* [EXERCISE DESCRIPTION]: Transcribe exactly the lines from the one holding "Setting: high up" to the end of the data below, including both of those lines and no others.

* [RAW DATA]:
[Start of Attachment]

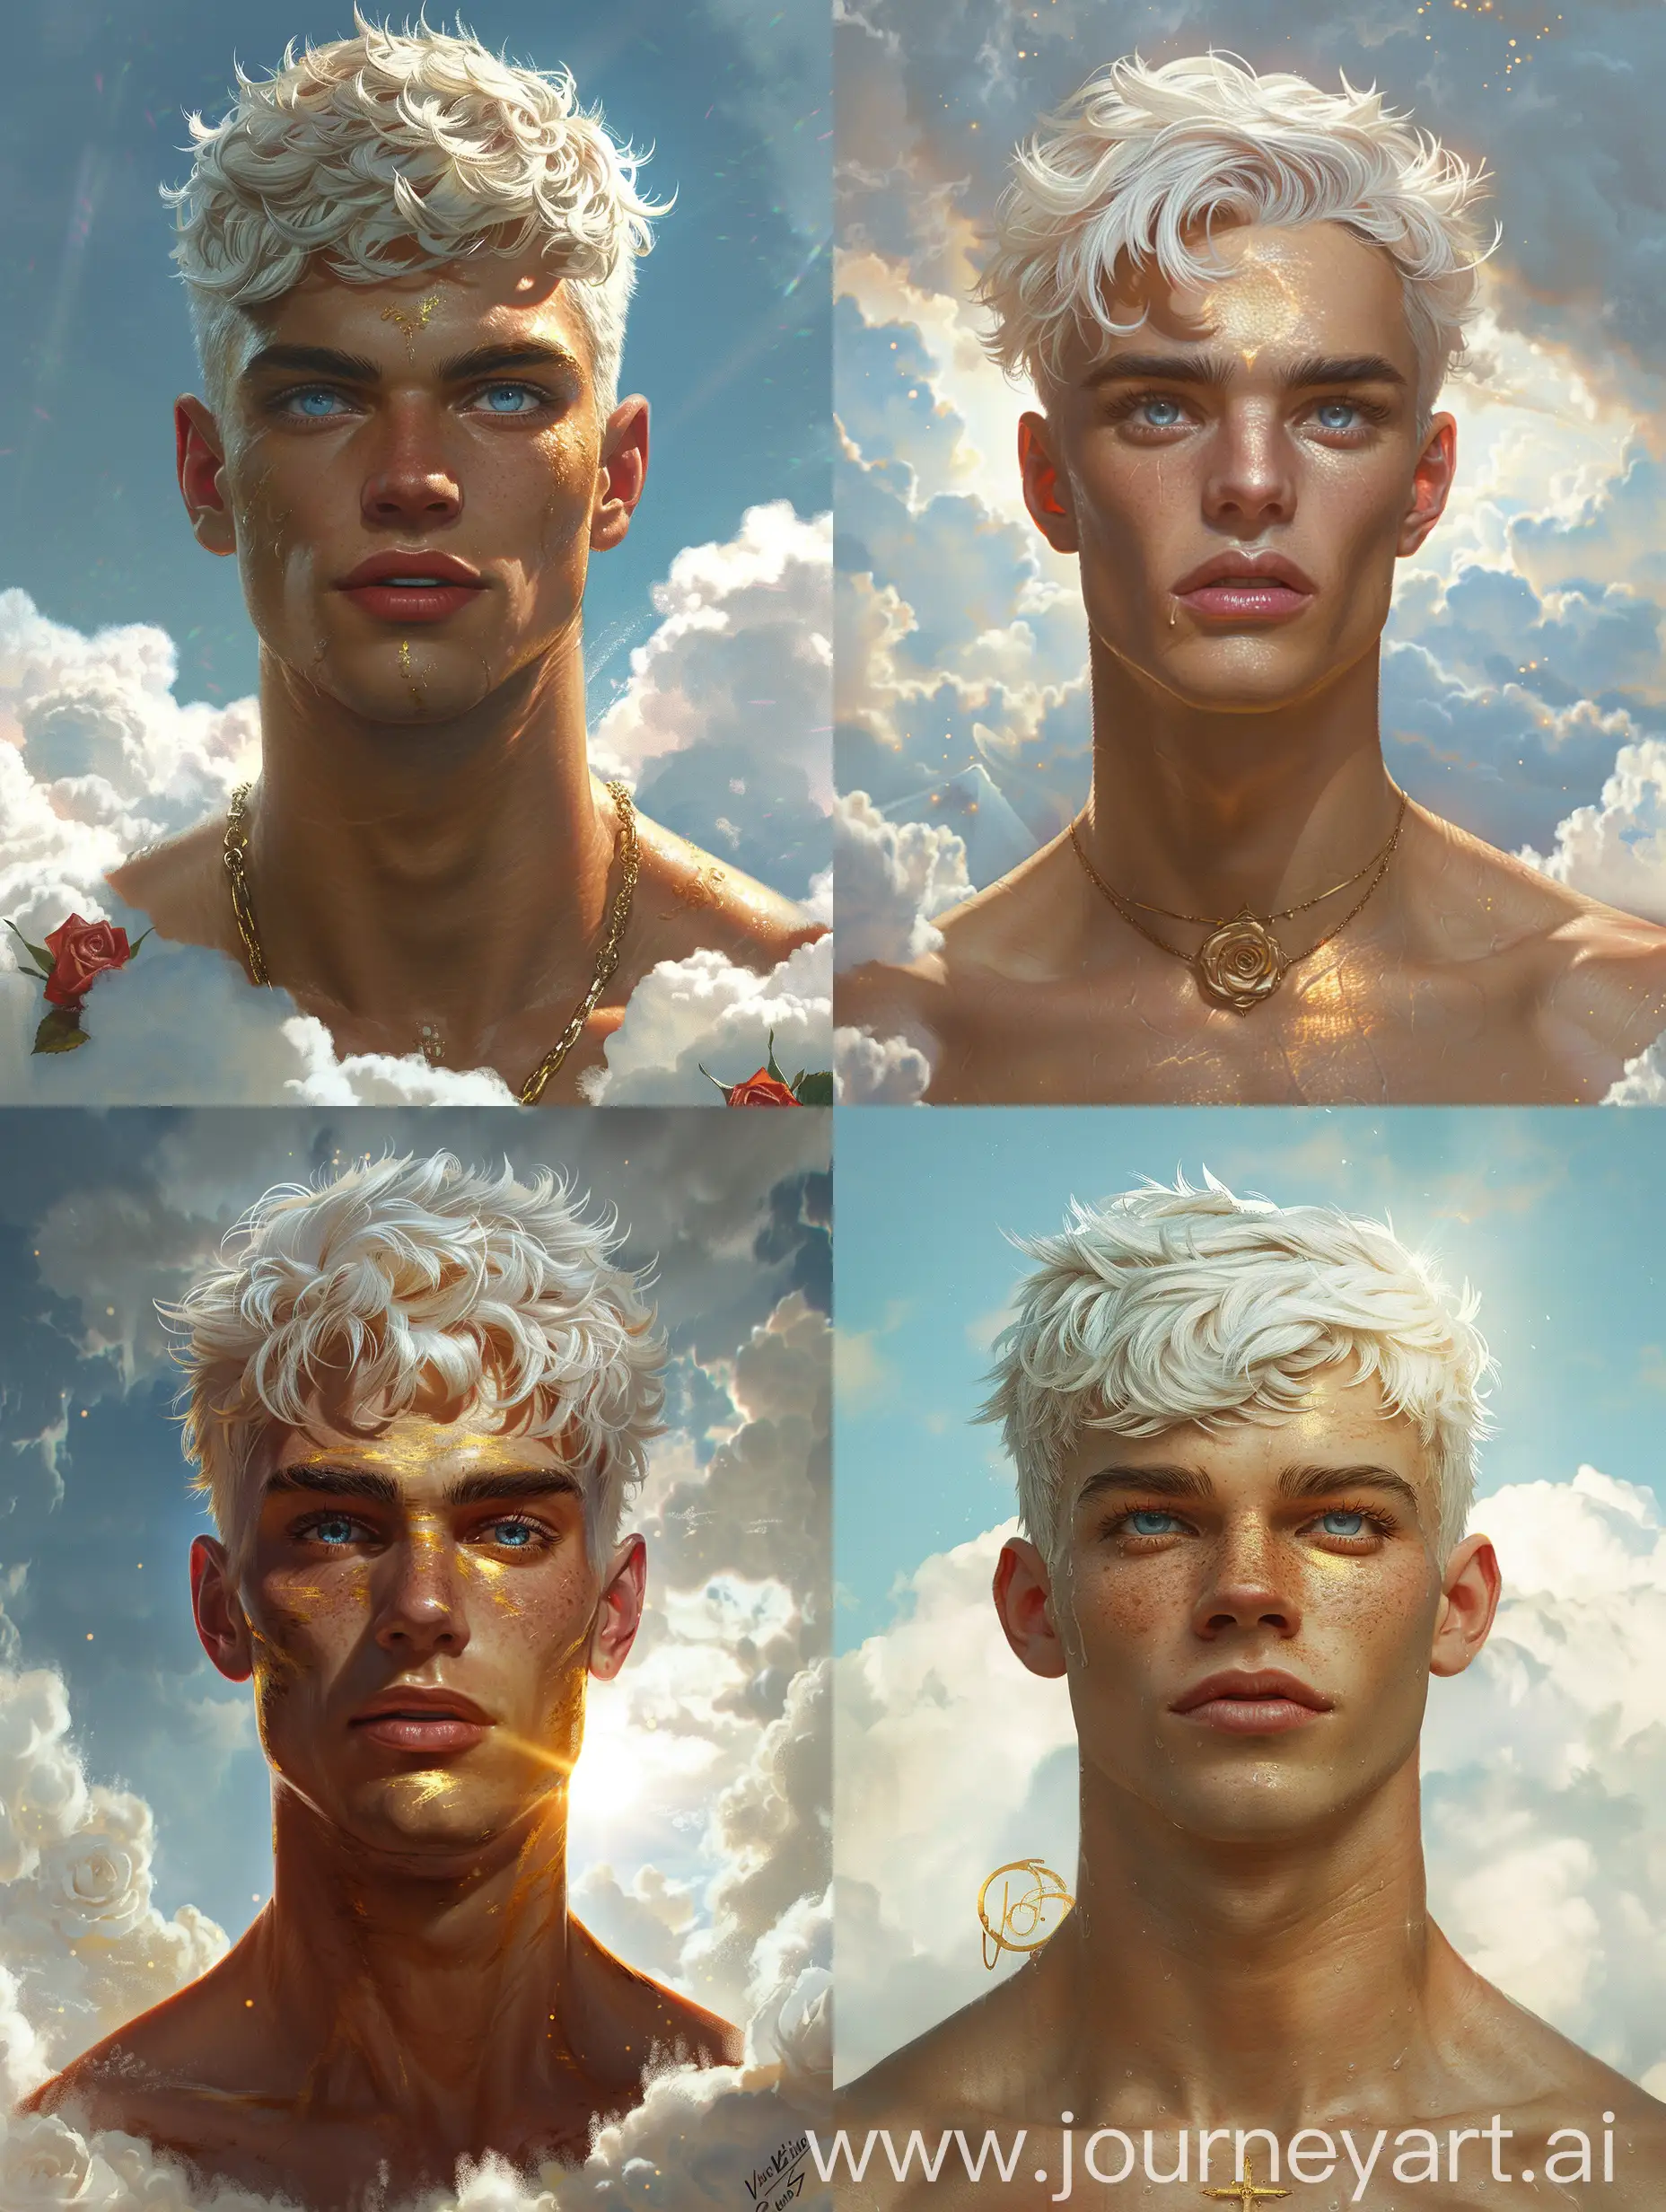 Subject: a demigod of unnatural power and beauty as a man; bronze tanned golden skin, short silky shiny white hair, dark blue eyes, very muscular and lean and toned and chiseled, feminine wiles and features, oval-square shaped face with full lips, roses and defined cheekbones, almond shaped eyes. 
Setting: high up in the clouds with the beautiful realm of the sky behind him shinning bright for its young prince. 
Style/coloring: extremely realistic painted realism, detailed digital painting concept art, detailed paiting by gaston bussiere, craig mullins A mystical, dreamlike portrait in a cinematic style, Ed Emsh, Virgil Finlay, Norman Saunders, Hubert Rogers, Earle Bergey, Kelly Freas --upbeta --s 250

[End of Attachment]

* [SOLUTION]:
Setting: high up in the clouds with the beautiful realm of the sky behind him shinning bright for its young prince. 
Style/coloring: extremely realistic painted realism, detailed digital painting concept art, detailed paiting by gaston bussiere, craig mullins A mystical, dreamlike portrait in a cinematic style, Ed Emsh, Virgil Finlay, Norman Saunders, Hubert Rogers, Earle Bergey, Kelly Freas --upbeta --s 250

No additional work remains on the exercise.